I strongly disagree. To the point that I’m amazed to see somebody say this.

Somebody who goes on a shooting spree at any point in their life is not a normal person. Somebody who does it at the age of eleven is even more abnormal. And regardless of what terrible experiences warped him, you don’t return from that kind of crazy. At best a person like that might learn to fake normality.

I won’t say there aren’t any worse people walking around out there. Because there are obviously other crazy people living among us. But this guy is out on the one in a million fringe.

I feel age should be treated as a mitigating factor.

Ahh, yes.

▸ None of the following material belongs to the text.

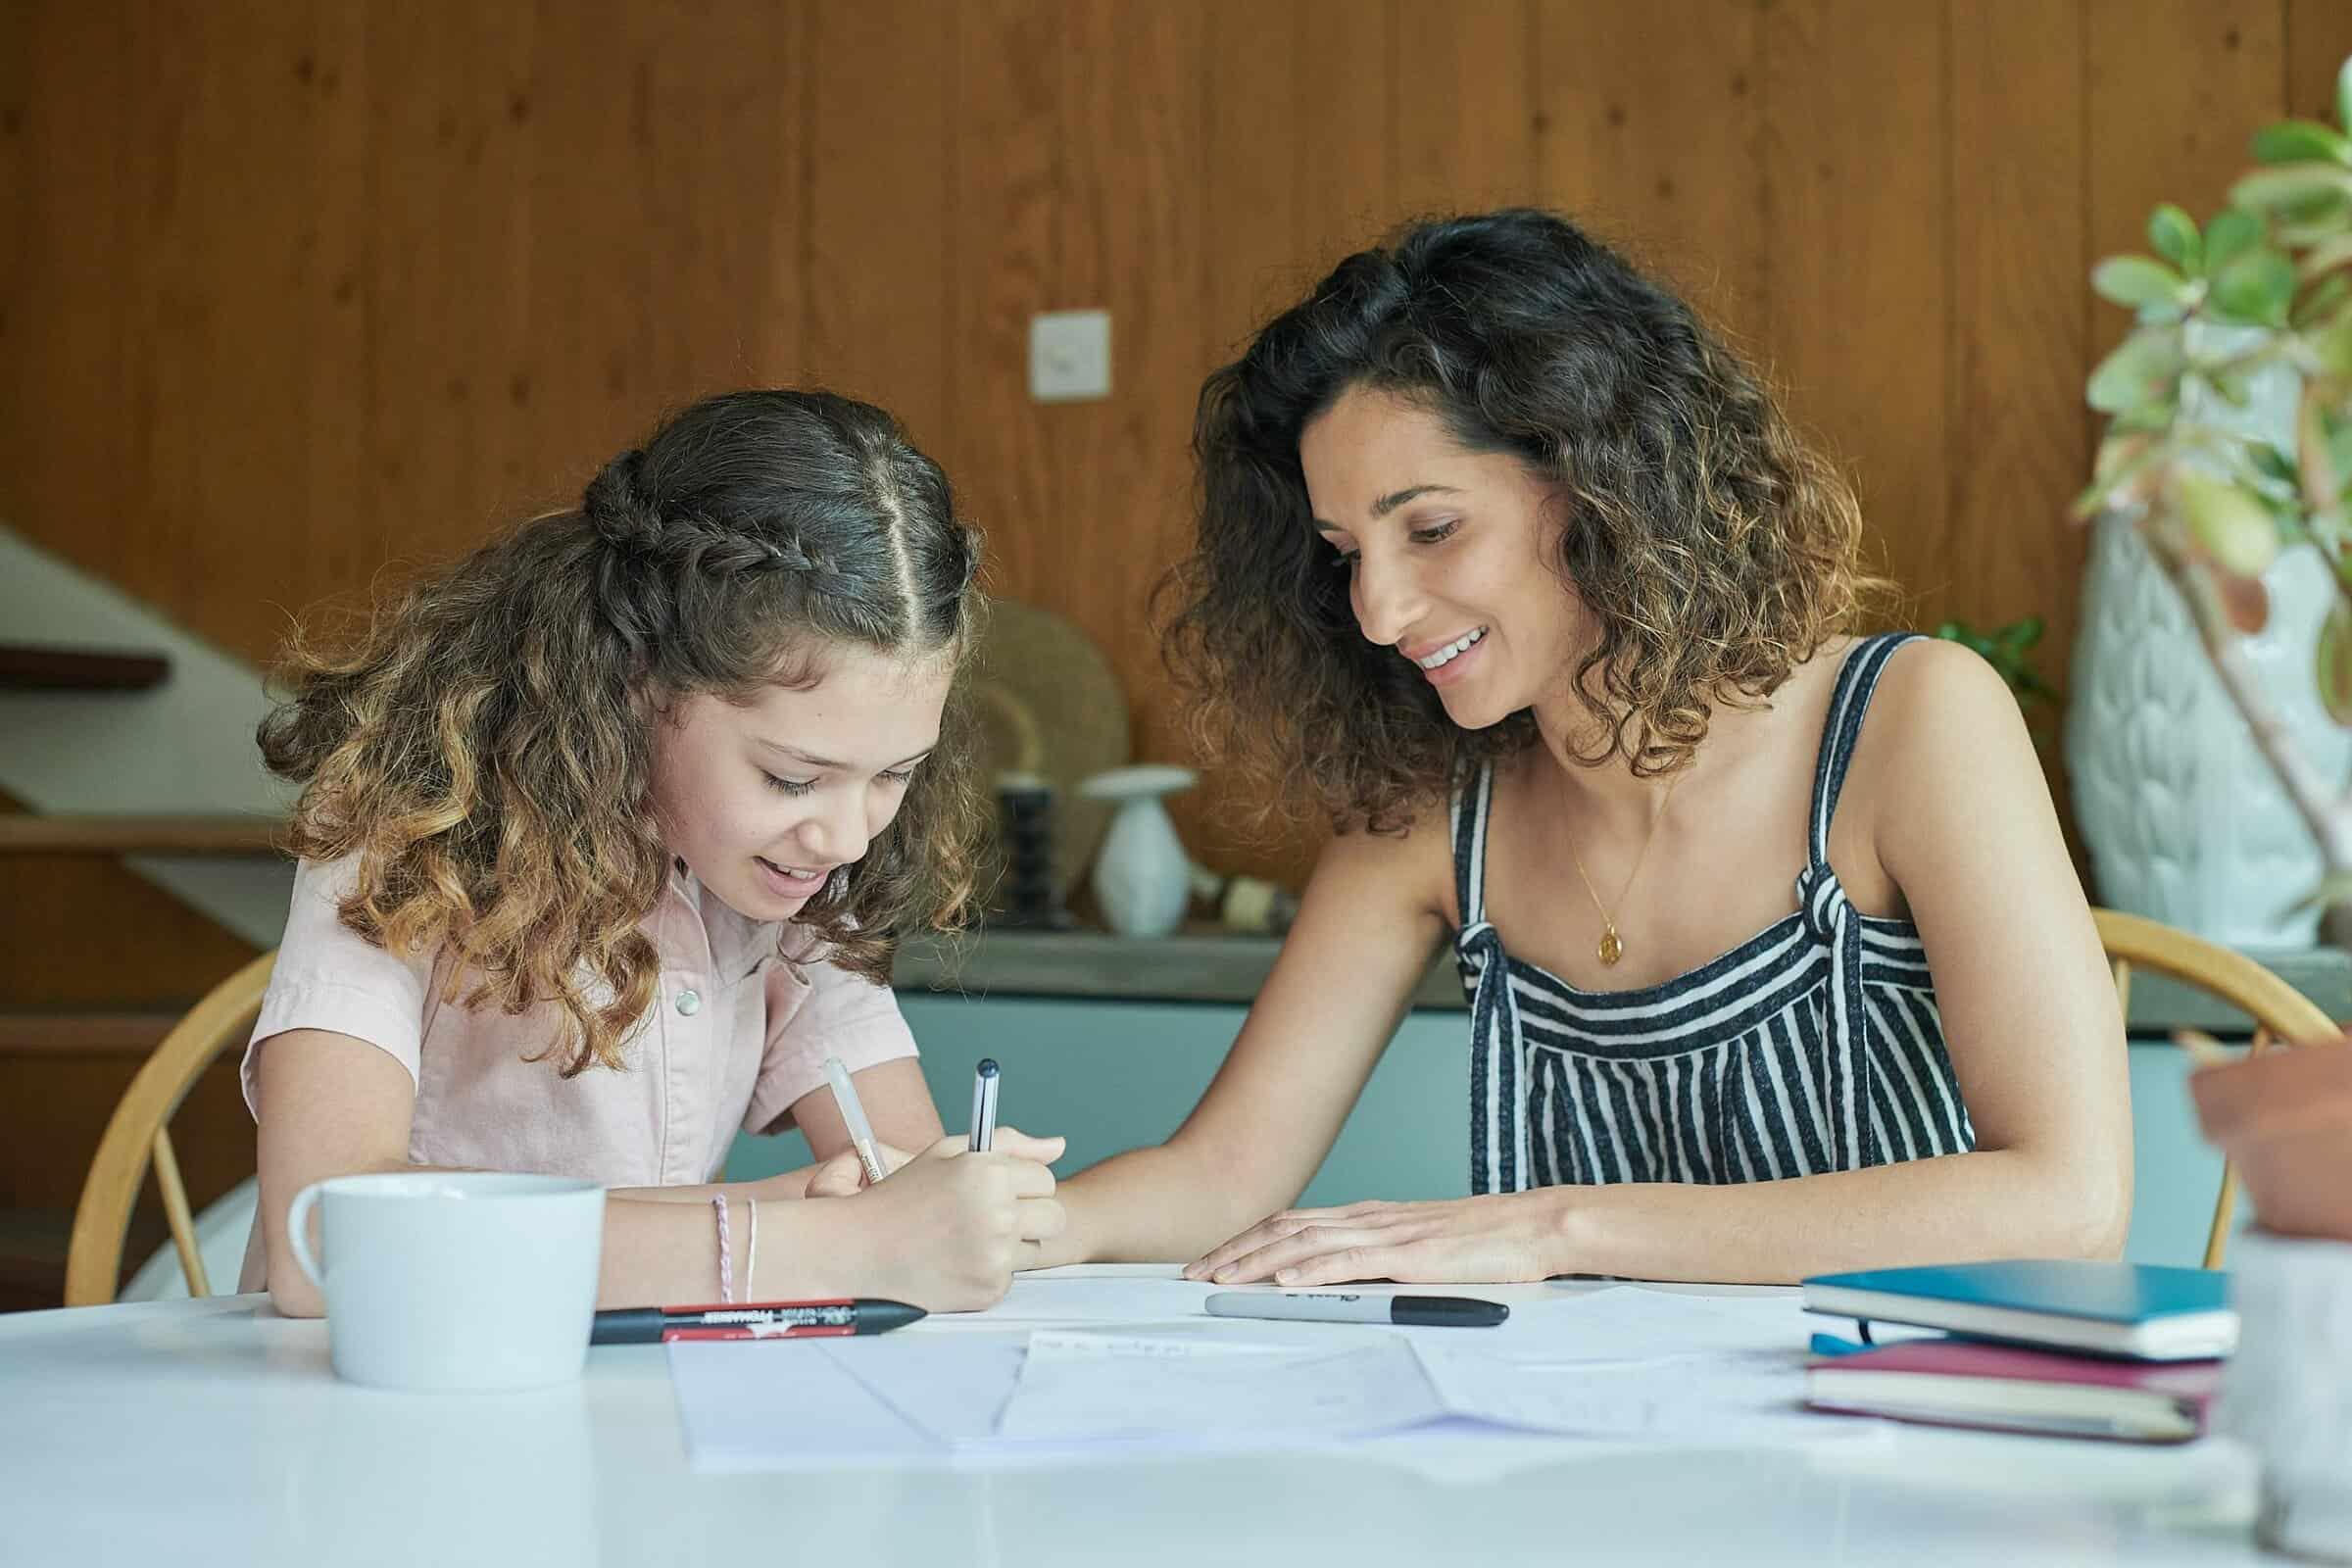 Parents: before requesting furlough, consider childcare
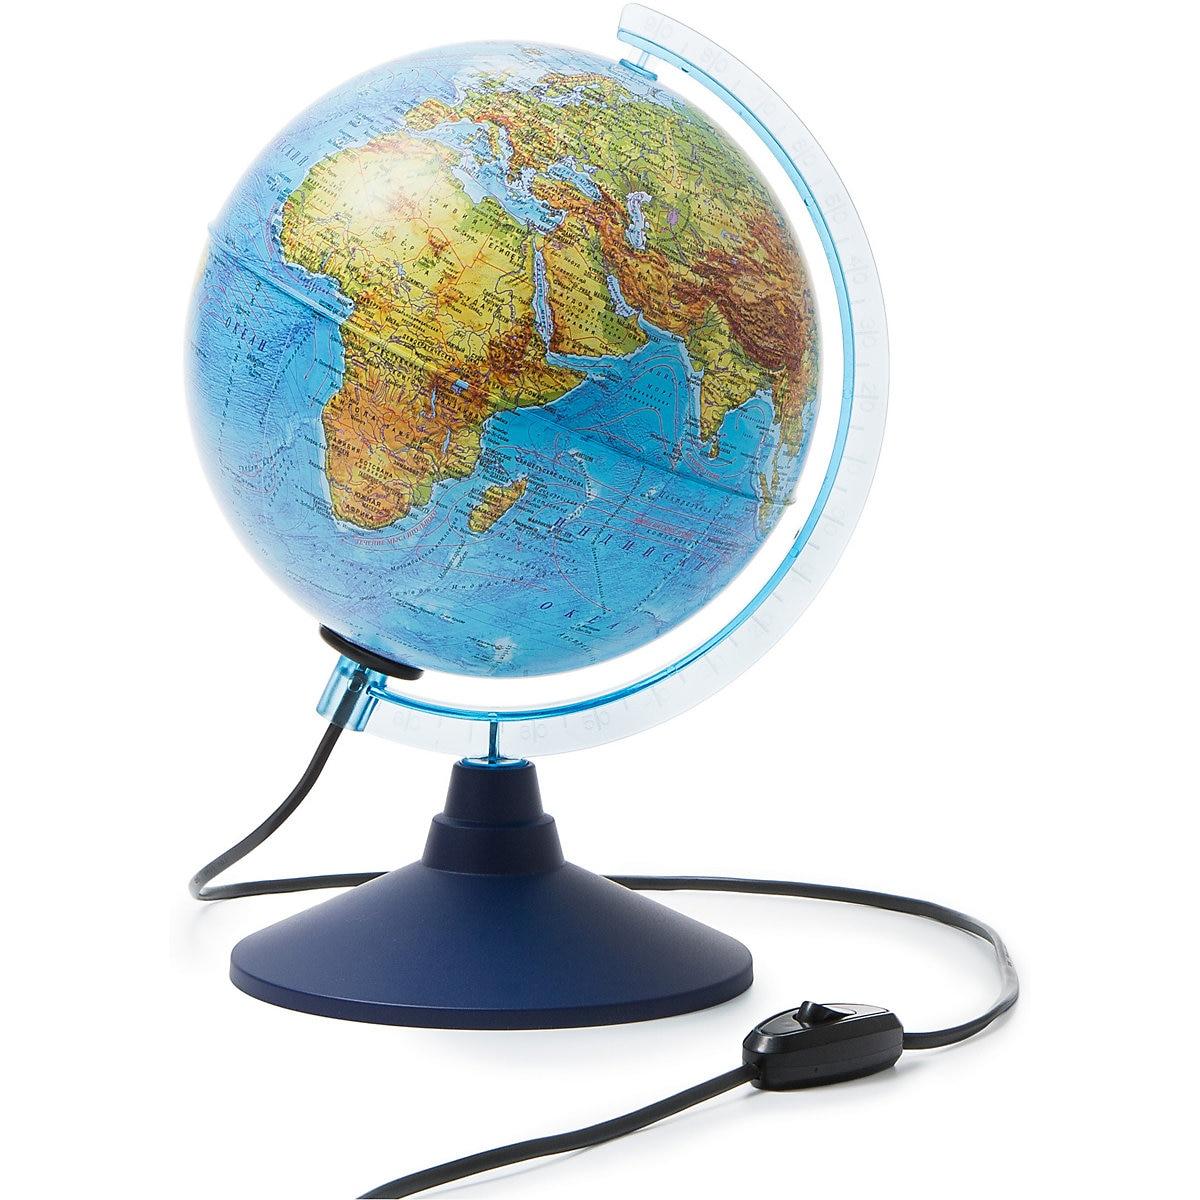 GLOBEN Desk Set 8690499 Globe Accessories Organizer For Office And School Schools Offices MTpromo

I remember my quinceañera party when I turned eleven.

When I was eleven I used to hide in the weeds beside the road and throw rocks at cars with some of my friends. The holy grail was getting a good windshield shot. By the time I was 16 I was horrified at that thought. I don’t know what Golden was like as an adult, but apparently Little Nemo does because:

What are your psych qualifications again? Clearly you’ve studied a nontrivial number of 11 year old delinquents and mapped their behavior well into adulthood. Where can I review your research? I’m open to have my mind changed.

Look, I ain’t in here stating categorically that Golden/Grant overcame his psychotic impulsivity and was wholly reformed by the American penal system. And if he did I don’t think any news agency would dare/bother running a story on how he became a robe-wearing peacenik who had devoted his life to rescuing puppies and kittens all while having a negative carbon footprint and yaddayaddayadda. If they did, a very vocal and bloody-minded chunk of the population would quickly and eagerly demonstrate the inhumanity that persists in the human psyche even well into adulthood. I didn’t know the guy either. And I also don’t want to downplay the grief felt by people at his hands. But to say the actions of anyone at the age of eleven defines them fundamentally for the rest of their lives defies the very concept of learning, introspection, and growth. I will use myself as my cite that those are very real, and often extraordinarily transformative qualities.

Turns out he wasn’t a terrible adult.

This attitude frightens me. Eleven year olds do not know what they are doing.

Exactly. Here we have an actual bonnified case study of what happens to a child murderer who is released at age 21. Unless there is more to his past history that I haven’t seen, it seems the answer is nothing much. His main crime so far seems to have been the poor driving which the OP seemed to suggest was a good thing. For those decrying his not being tried as an adult, what advantage would there have been for keeping him locked up for the last 10 years?

Going from memory here, but I believe the 59 year old dude actually entered Golden’s lane.

I did a lot of stupid shit when I was 11 that I regret now. If you’re the same now as you were at 11, then you have a serious mental disorder, and we generally don’t execute people who are mentally ill.